Analyst · Cowen and Company.

Sure. Every quarter, there's somebody and there's interest in trying to license technology. We get inquiries about products that we don't have. And we have to look at is, is there an opportunity to develop a product or a solution that can meet a market need. What we're trying to articulate to the market is we're focused on getting this company to grow to a size where we can habitually generate cash. The good news is that we said that we would do this for the December quarter, and we're now reporting that we did it. In the remarks, we talked about that as well for the March quarter, and we'll all check back in the spring to see if we've done that again. So we're in good position.

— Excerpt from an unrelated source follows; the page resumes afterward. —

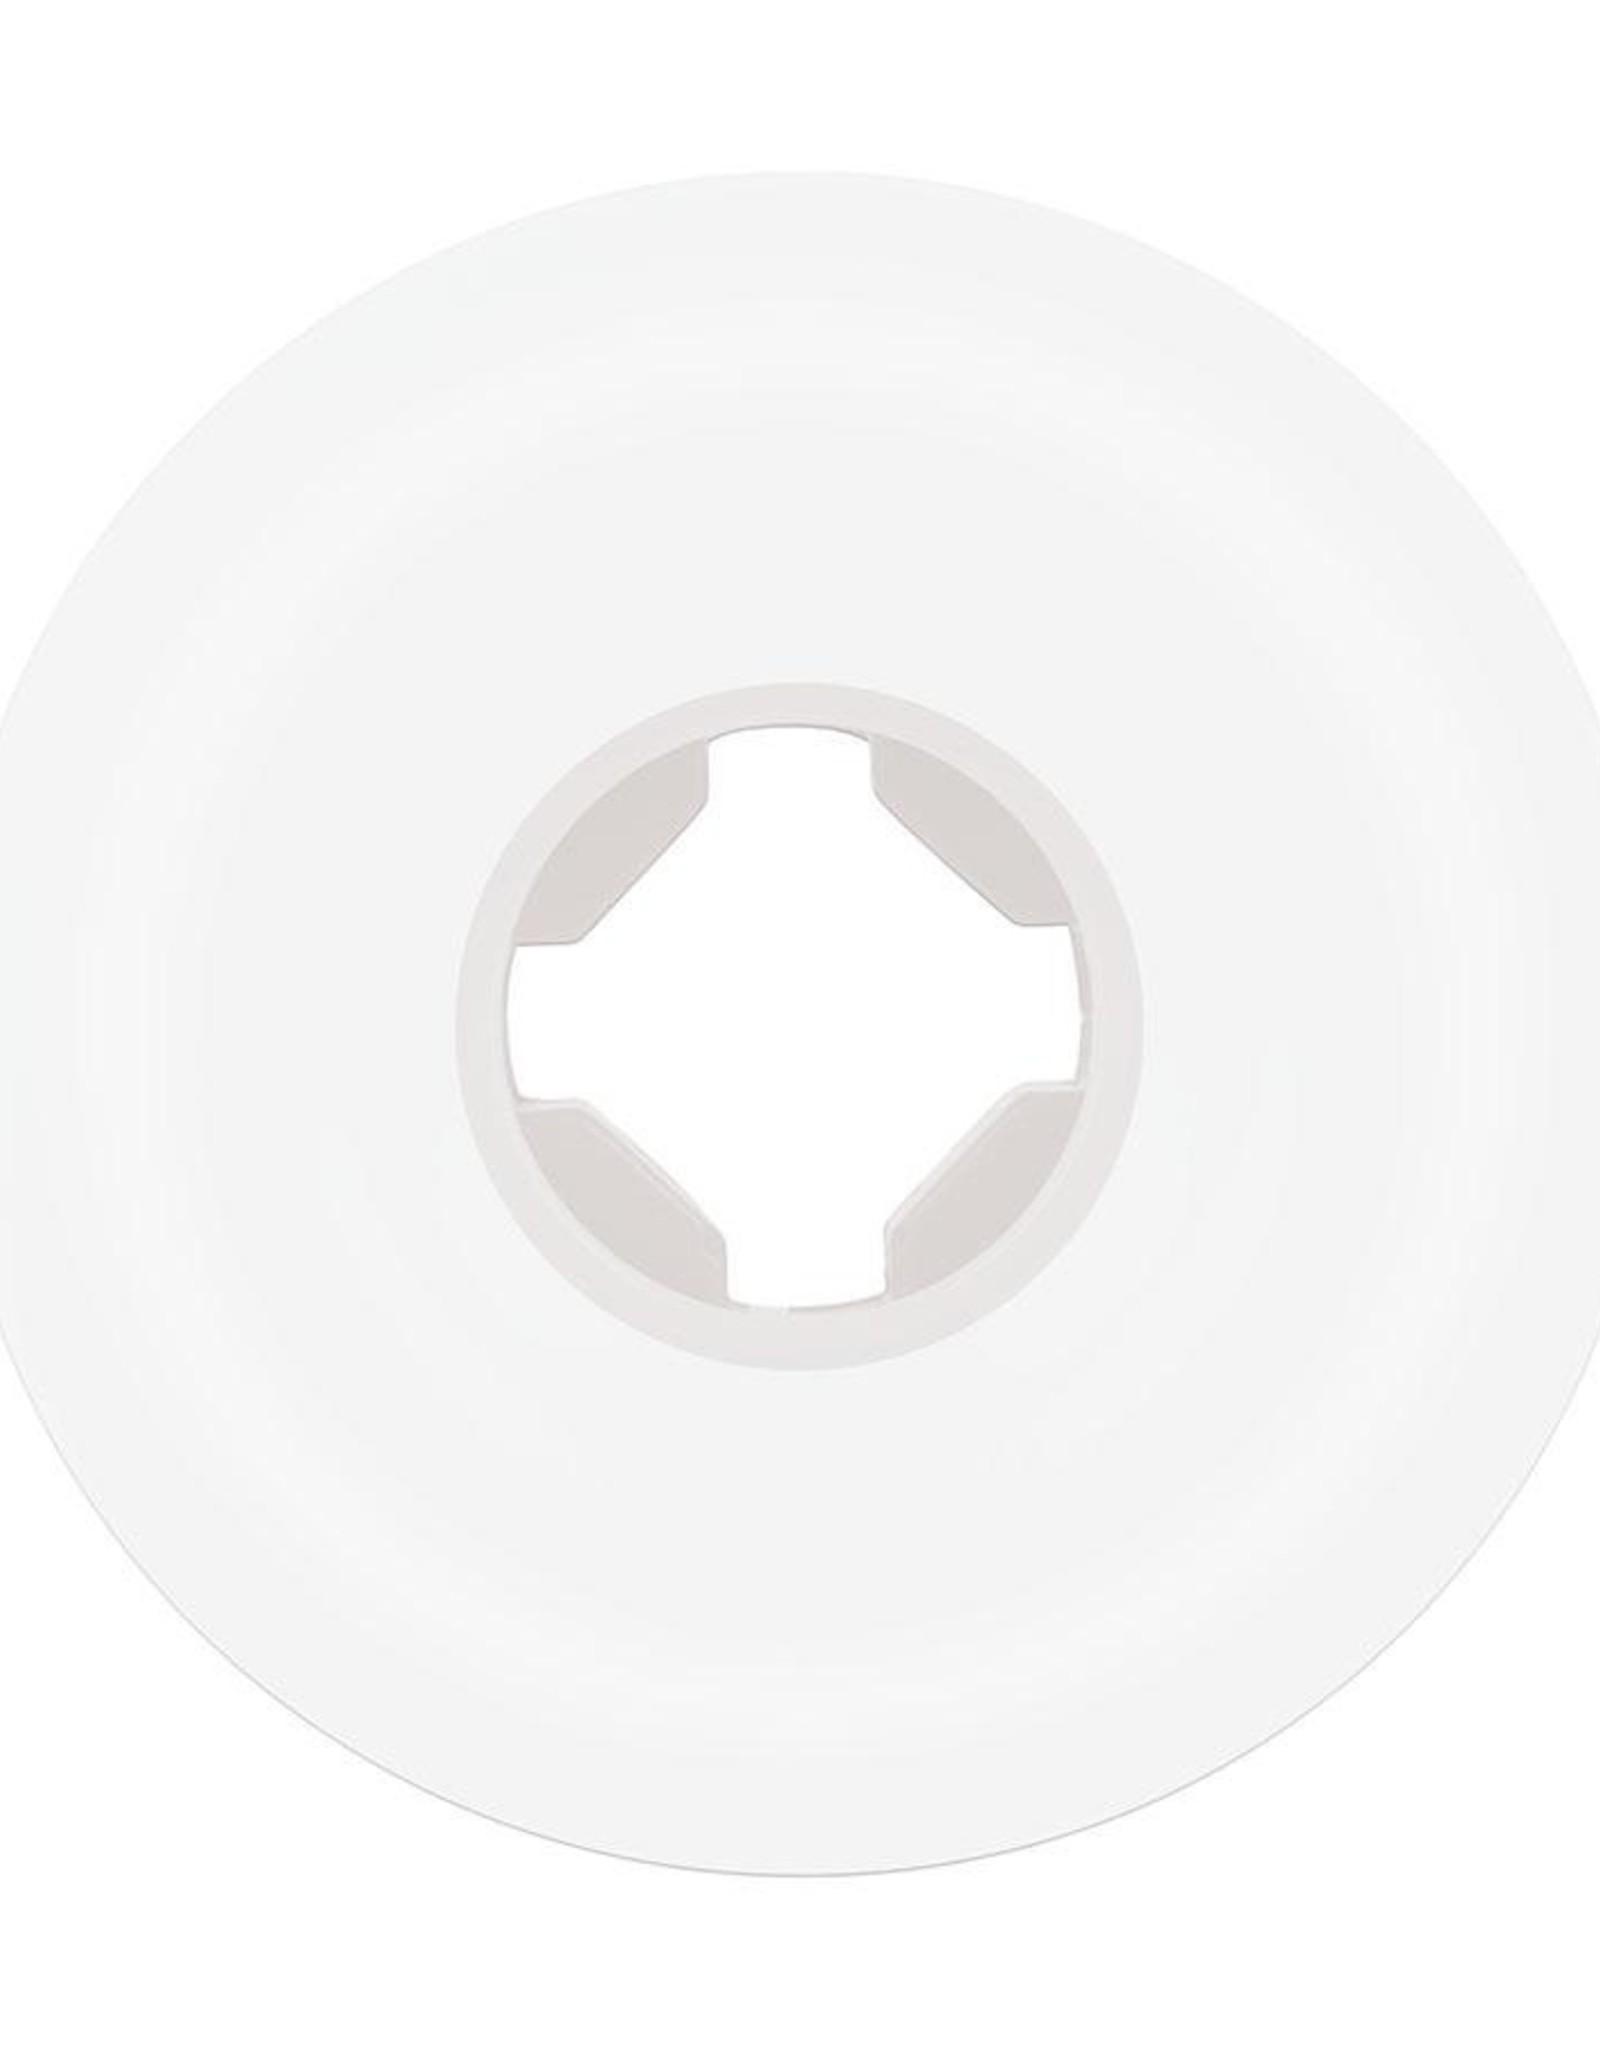 Slimeballs SLIME BALLS WHEELS VOMIT MINI II 97A 53mm

We're focused on the things that are going to deliver the growth and get the company to -- revenues to grow to the size that's necessary to generate cash. That does not mean that there aren't additional opportunities. We tend on these calls and when we're out speaking in public to not talk about those because we don't want to confuse investors or make investors believe that something dramatic is going to change in the next 1 to 2 quarters. The things that we work on for new product development, for new partnerships, these things take year to years. And the good news is, given the stability in the company, that becomes more and more the focus of the team, is how we grow and how we get there.

Operator

Operator

[Operator Instructions] And speakers, it does appear we have no further questions at this time. I will now hand it back over to you for any additional or closing remarks.

Daniel McGahn

Analyst

Thanks, Tanisha, and thanks, everybody, for their attention. This was a great quarter. I don't want to undersell it. I mean, we thought it was going to be good. It turned out to be great. A bunch of things happened that turned up to be very, very good for the company. I think the balance sheet is in a great position today. We're getting -- looking at the March quarter, we're saying it's going to continue to be in a great position. What the company is now focused on is supporting Inox with their growth, making sure that we are doing our best job in selling and installing and commissioning D-VAR units across the globe but really making sure that we birth properly these new offerings, the Ship Protection System product, which we do have a contract for; and the Resilient Electric Grid product, which we do have a contract for. So we're in a really good position. We're looking forward to come back to you in the springtime and report again, hopefully, making more progress in the company. But things are really haven't been in this position in a long, long time. I think and one could argue that this is probably the best position the company has ever been in terms of revenue diversity globally and revenue diversity from business unit or product line standpoint. That's what we're trying to build. The basic pieces are in place. Now we look forward to continuing to look to grow revenues over the coming years. Thank you, everybody. We appreciate your time and attention, and we'll talk to you soon.

Operator

Operator

And that does conclude today's program. We'd like to thank you for your participation. Have a wonderful day, and you may disconnect at any time.